*** Opening of Input data ***
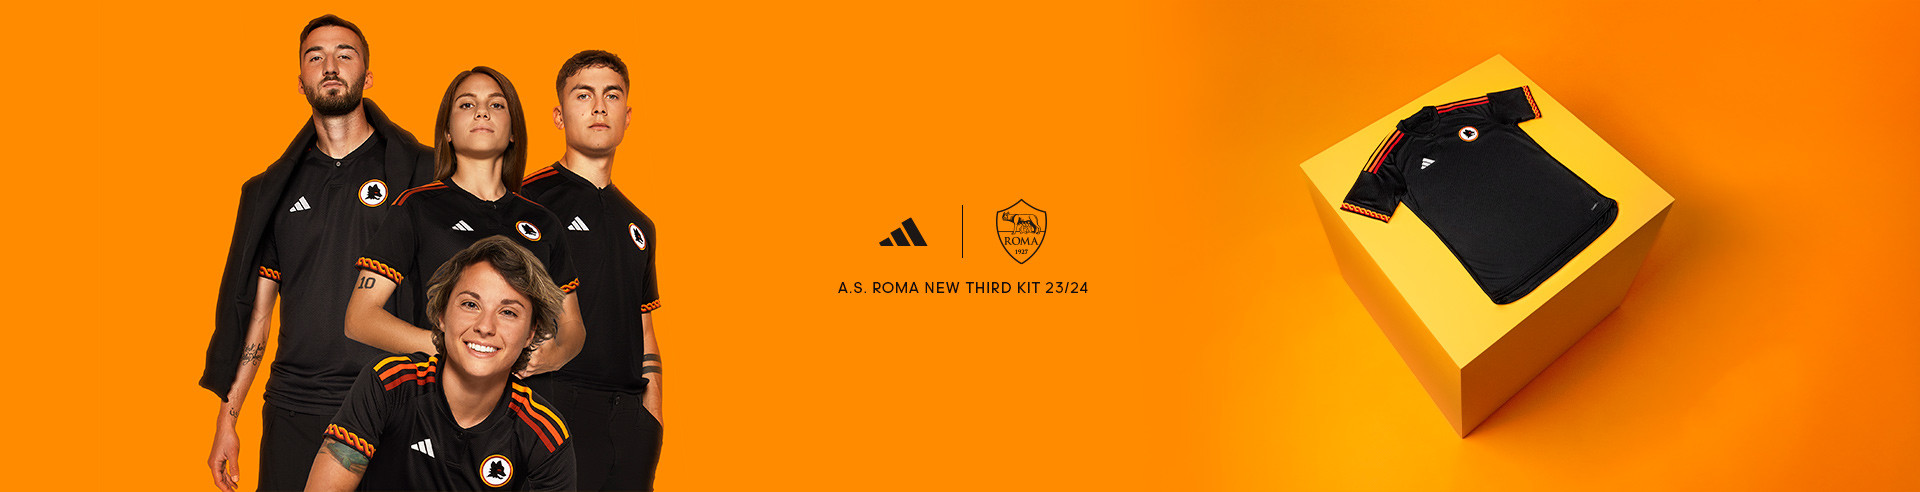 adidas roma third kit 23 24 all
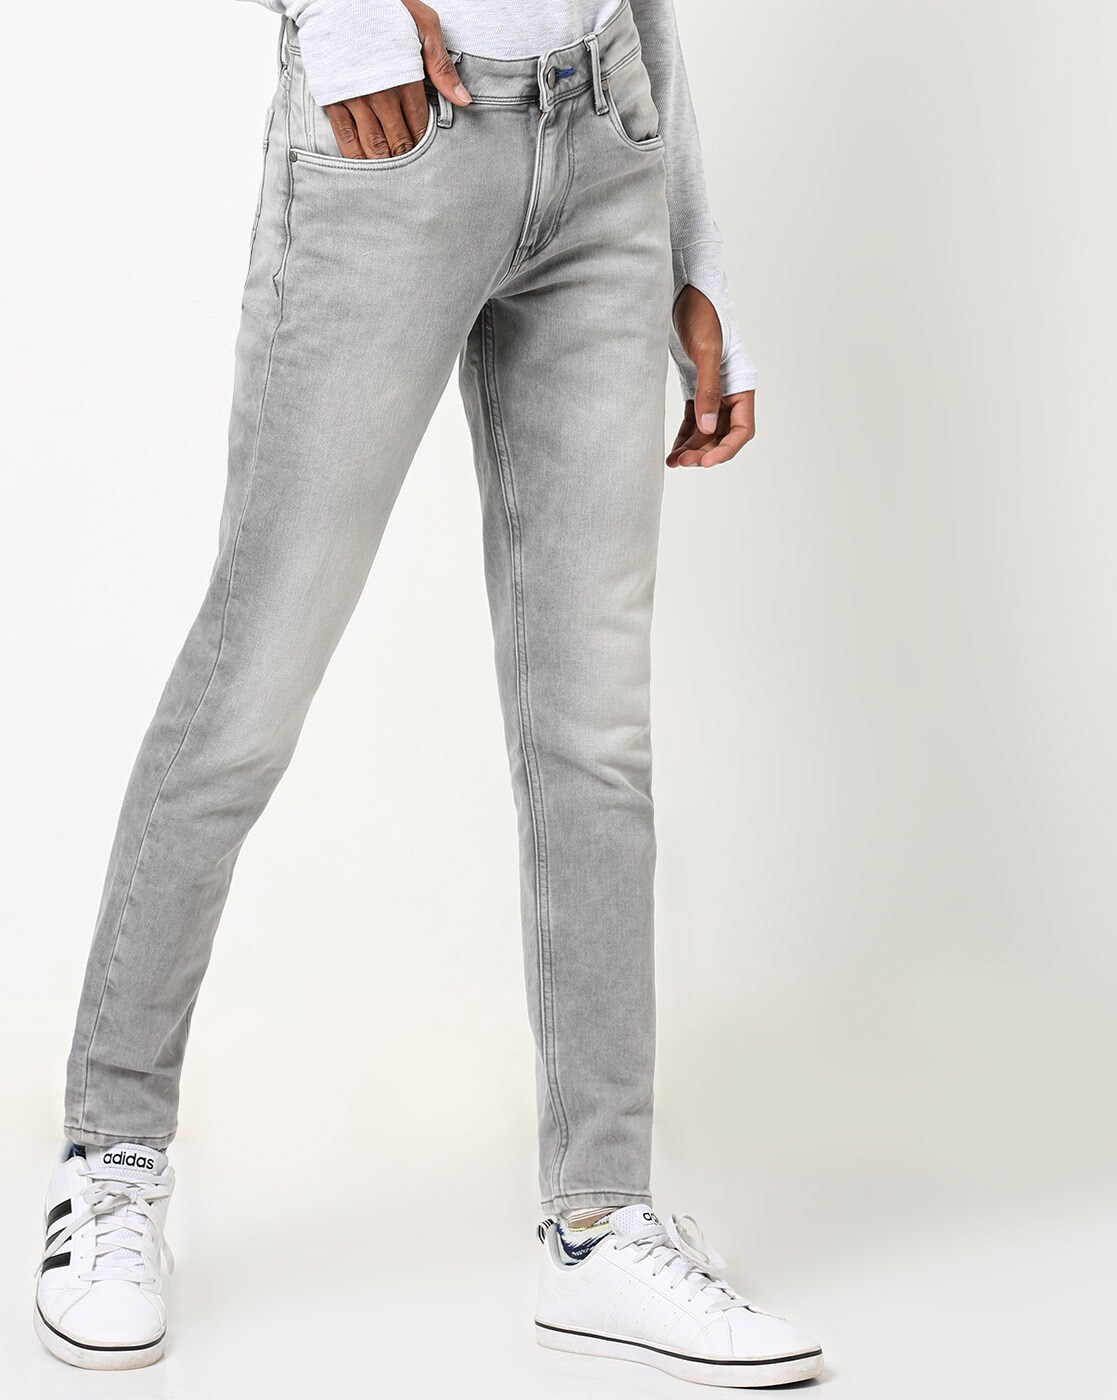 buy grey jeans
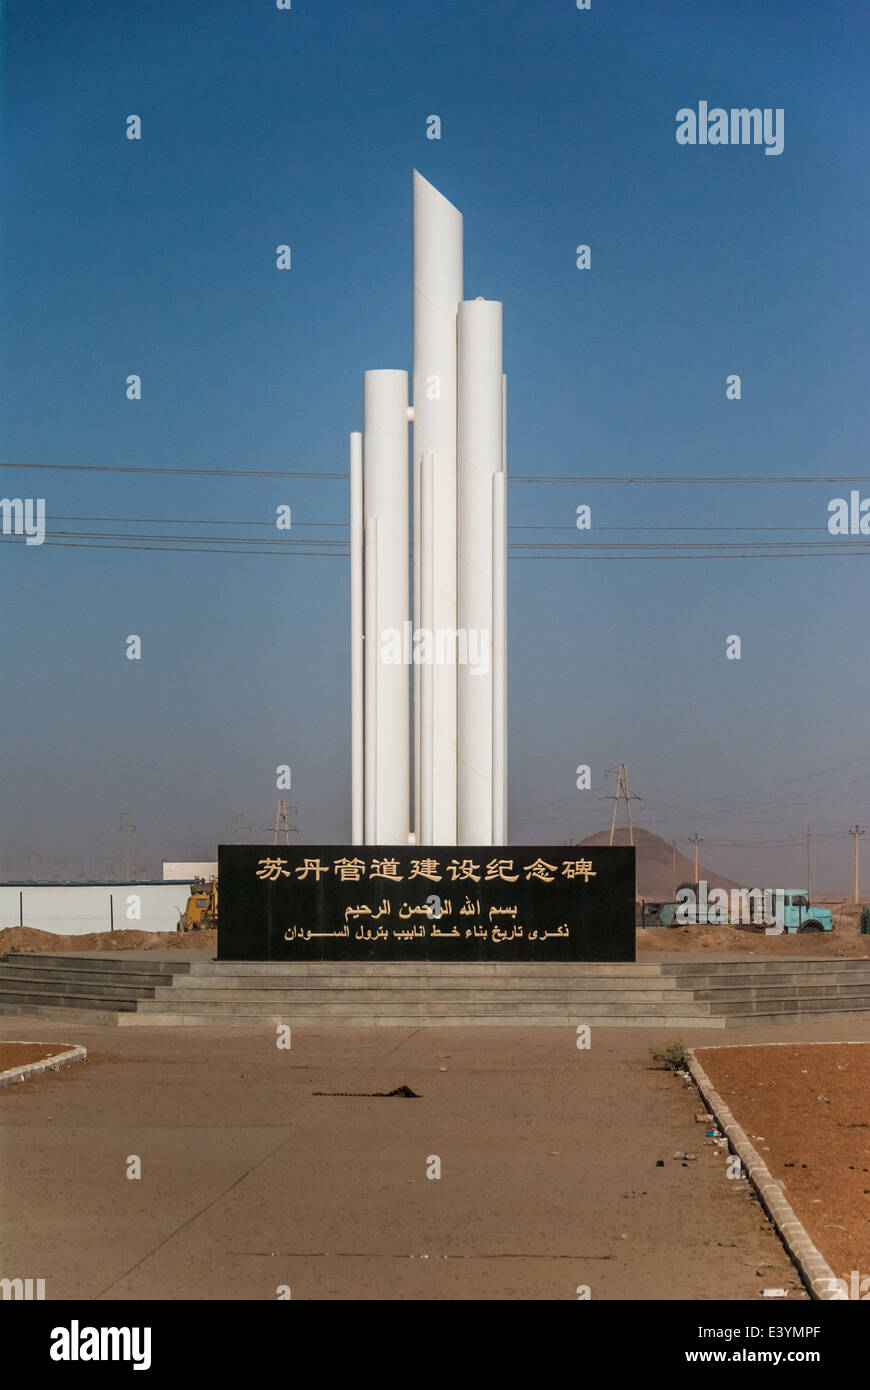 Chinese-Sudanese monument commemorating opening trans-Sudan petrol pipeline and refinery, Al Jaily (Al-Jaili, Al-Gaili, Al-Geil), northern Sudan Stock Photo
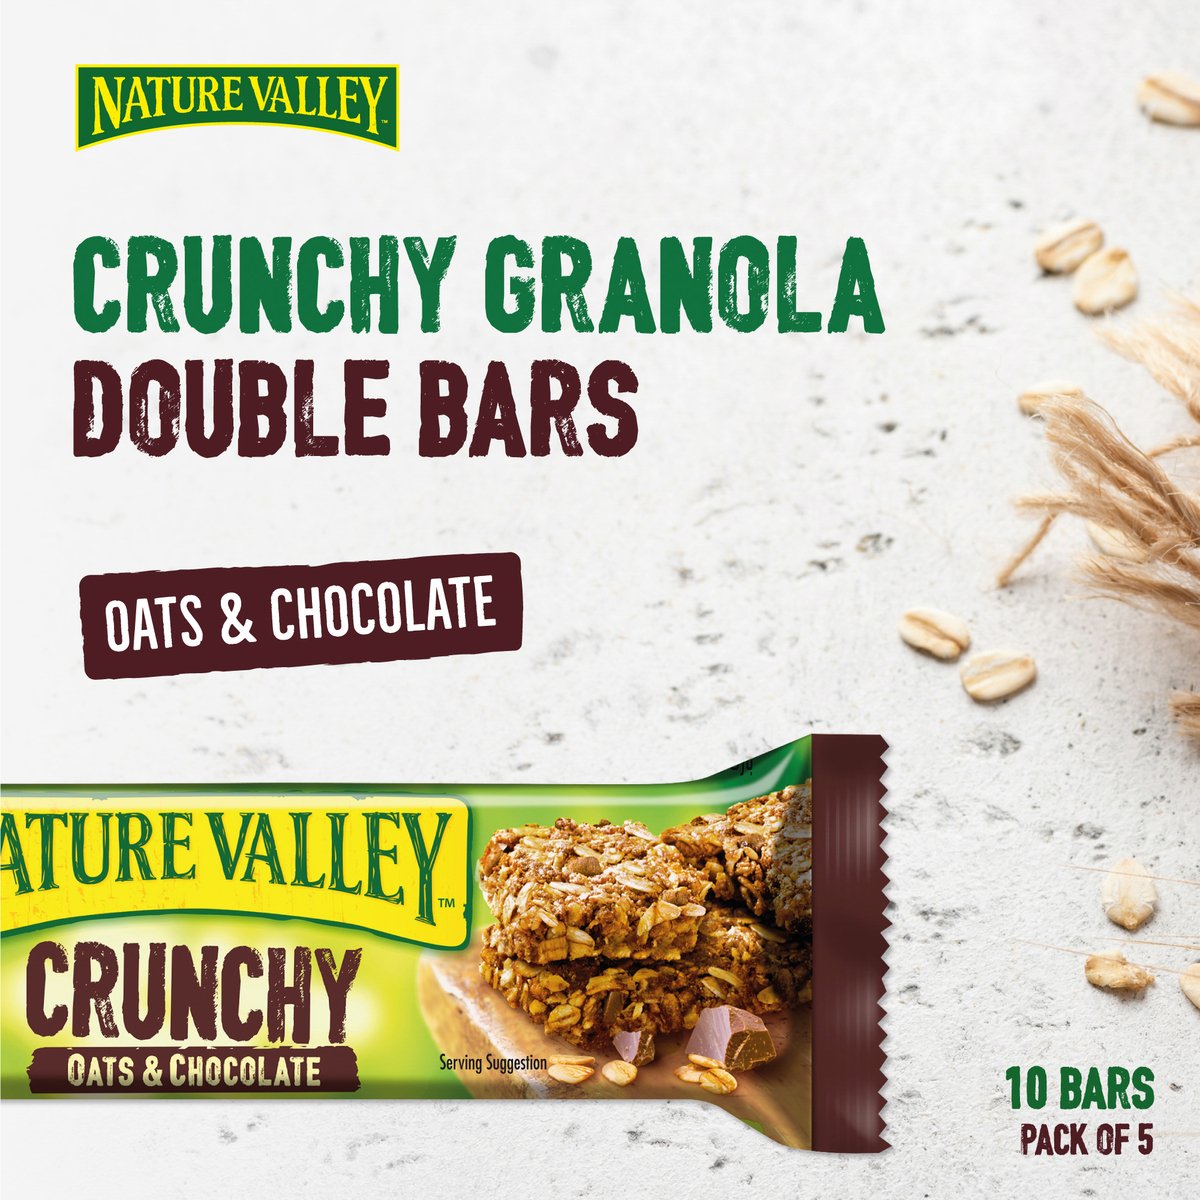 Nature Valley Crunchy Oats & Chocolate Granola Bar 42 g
*** Close of Input data ***
Omit every picture, then reproduce the rest of the listing exactly.

 adidas roma third kit 23 24 all
 buy grey jeans
 Chinese-Sudanese monument commemorating opening trans-Sudan petrol pipeline and refinery, Al Jaily (Al-Jaili, Al-Gaili, Al-Geil), northern Sudan Stock Photo
 Nature Valley Crunchy Oats & Chocolate Granola Bar 42 g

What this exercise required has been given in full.